“今上用不着瞒我们呀,”高士廉抖了抖袍袖,“问一问有什么不可以。”
“我就不想惹麻烦。”
“一味的息事宁人,日子长了,会变成个和事佬。”
“今上天纵明断,该和稀泥的还得和,和为贵嘛。”
“确切地说,主要还是怕,怕今上生气,怕加罪于你。”
“我真佩服魏征,他既敢直谏,又能说服今上。”
“魏征跟今上商讨政务,诘问辩难,前后两百余次,多达数十万言。他奉劝君王改正过失,谏止君王的不法命令,都能就眼前事件引用例证,渊博精深,而又非常贴切。前代所有言官,都做不到。其实,魏征立足于道义之上,发出规劝君王的心声,持身严正,心怀公平,上不辜负君王,下不阿附权贵,中不偏袒亲朋,外不结党营私,不恃宠而骄矜自许,不因位高而改变节操。即令是西汉的刘更生,曹魏的徐邈,晋朝的山涛,他们的才能口舌确是非凡,但跟魏征的忠贞相比,都相形见绌,相差甚远。直到当代,在所有的谏官中,称得上公正体国、无私无畏的,只有魏征一人而已。”
“常言道,盖棺论定。魏征还活着,而你对他已作出了高度的评价。高老夫子的眼光与学识,也可谓千古一人嘞。”
“不,”高士廉摆了摆手,“我不敢称千古一人。能在历史上站住脚、流芳百世的,今上不愧千古一帝的明君,魏征不愧千古一人的直臣。”
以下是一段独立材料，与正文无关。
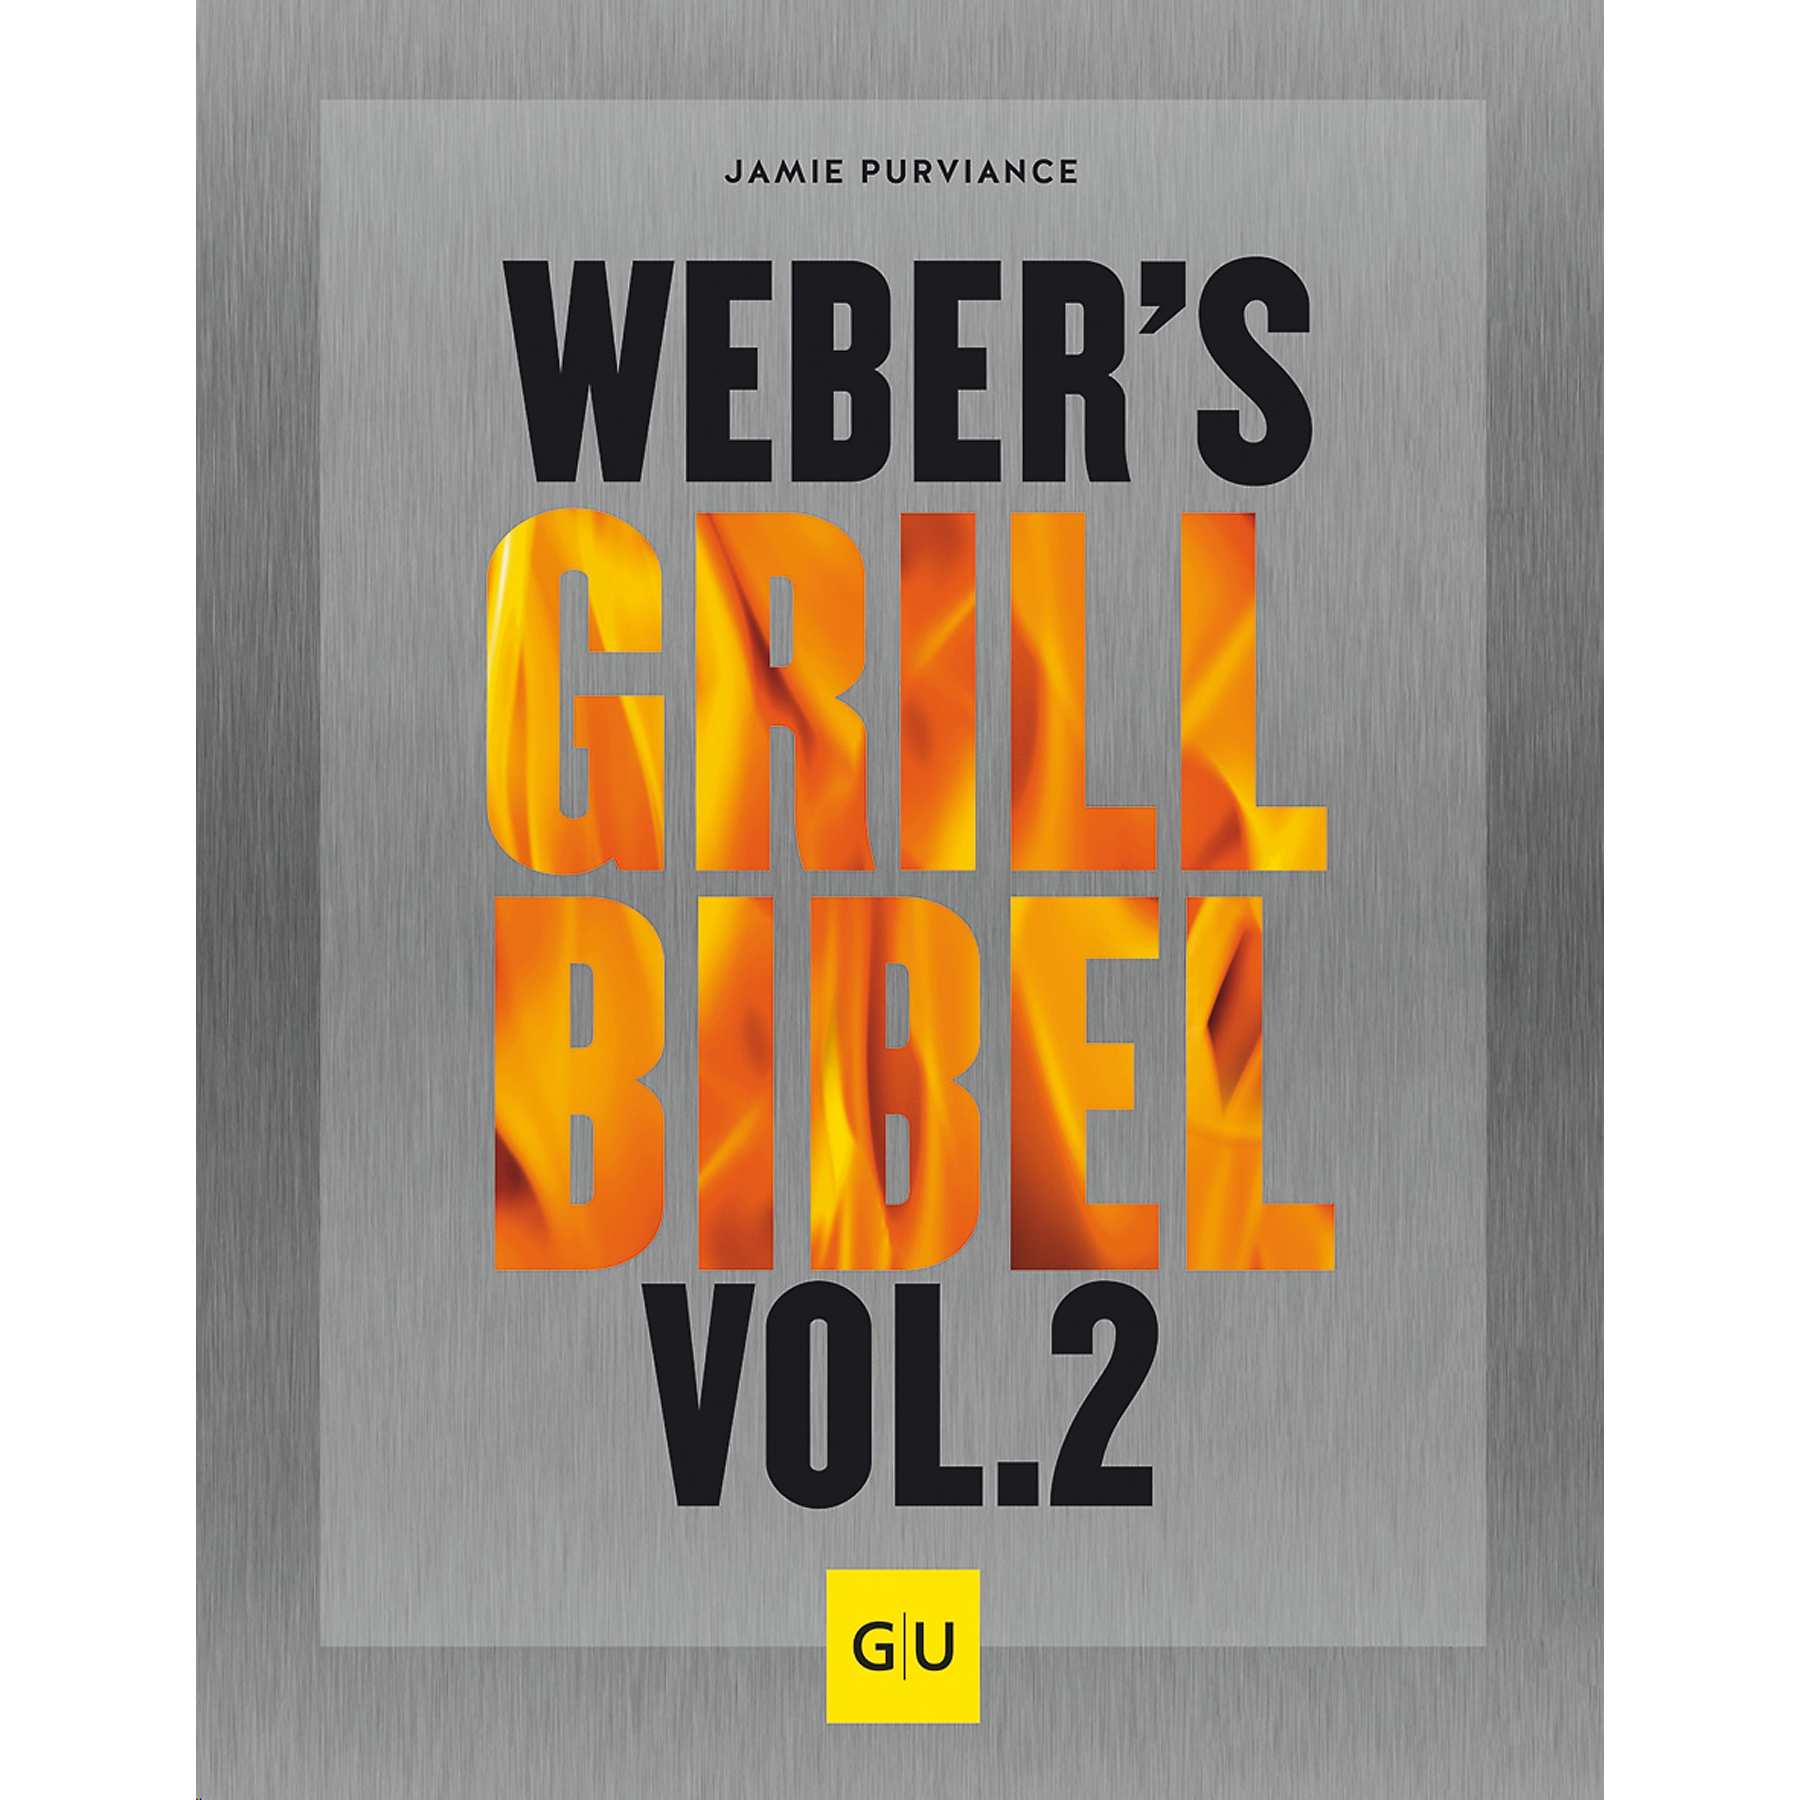 Weber’s Grillbibel Vol. 2

“你老人家培养出了长孙皇后和长孙无忌,也算得上空前绝后,前元古人,后无来者。”
“好是他们自己的造化。人的命运和是非功过,往往都掌握在自己的手里。当然,也不可排除环境的影响,着意栽培和潜移默化。”
“时势造英雄,英雄造时势。我们躬逢盛世,实在三生有幸。”
“说老实话,我最担忧的是贞观之治能否长期维持下去。文景之治以后,出了个汉武帝,把西汉的繁荣富强推向了顶峰。今上归位后,太子能不能袭承大统,会不会有所作为,看来还是一个谜。”
“今上也为皇储的事而苦恼咧。”
“当断不断,反受其乱。要是再来一次兄弟阋墙,禁门喋血,对国家必将带来莫大的损失。”
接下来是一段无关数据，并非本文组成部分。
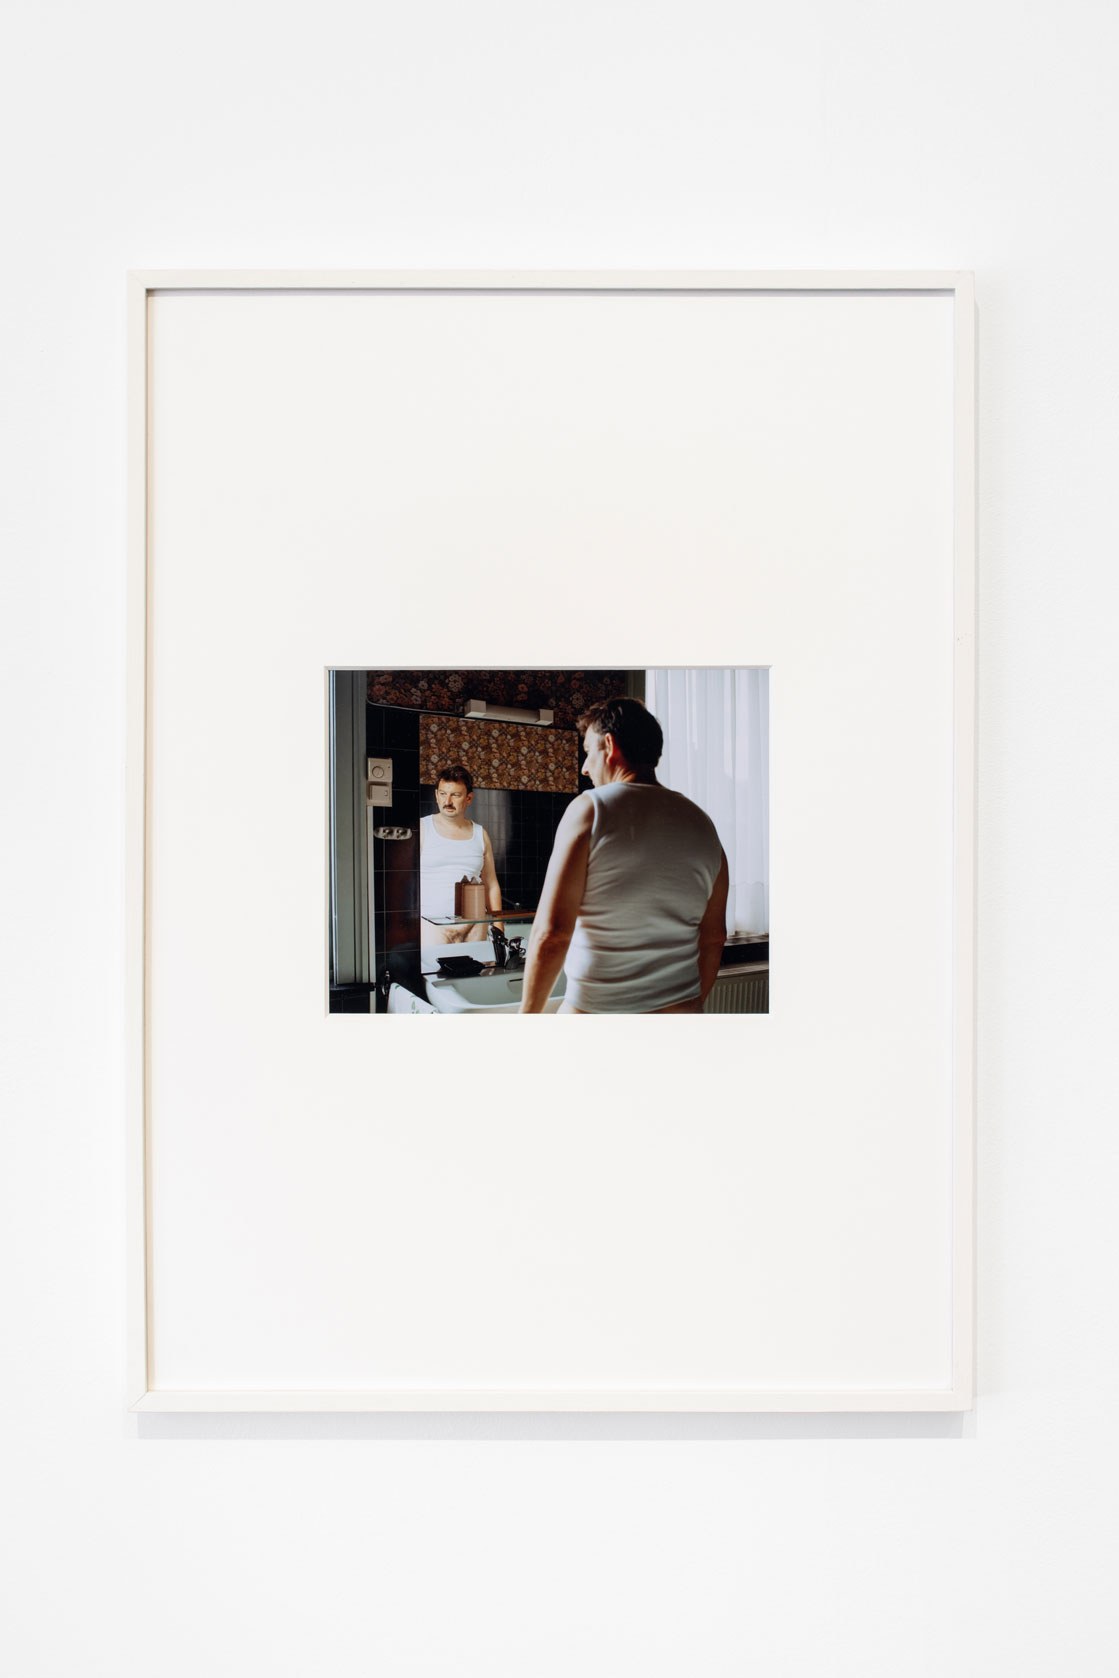 Alain Guiraudie Homme au miroir, 2018 19,11 × 24 cm, Lambda print Courtesy of the artist and Crèvecoeur. Photography: Martin Argyroglo.

高士廉和房玄龄边走边说,步出顺天门,坐上各自的八抬大轿,穿过横街,由顺天门街走到了尚书省。
窦德素把房玄龄和高士廉的问话奏报了李世民。李世民的脸色带腮连耳都红了,竖起两道连鬓眉,眼睛睁得大大的,把两位重臣召到甘露殿御书房,带着责备的语气说:
“你们只管执掌南衙政事,北门一点小小的营缮,跟你们有什么相干?”
房玄龄赶紧磕头请罪:“陛下息怒,臣等以后不再过问大内的杂务了。”
魏征和褚遂良走进门,用胳膊互相触了一下。魏征忍不住大发议论说:“臣不知陛下何以责怪他们,玄龄又为什么要请罪?他们身为陛下的股肱耳目,对宫内宫外的事岂有不该掌握的道理?假使北门的建筑合理,应辅佐陛下完成。若是不当营建,则要请求停止。他们向主管官员打听,本来很正常,没有什么出格的地方。”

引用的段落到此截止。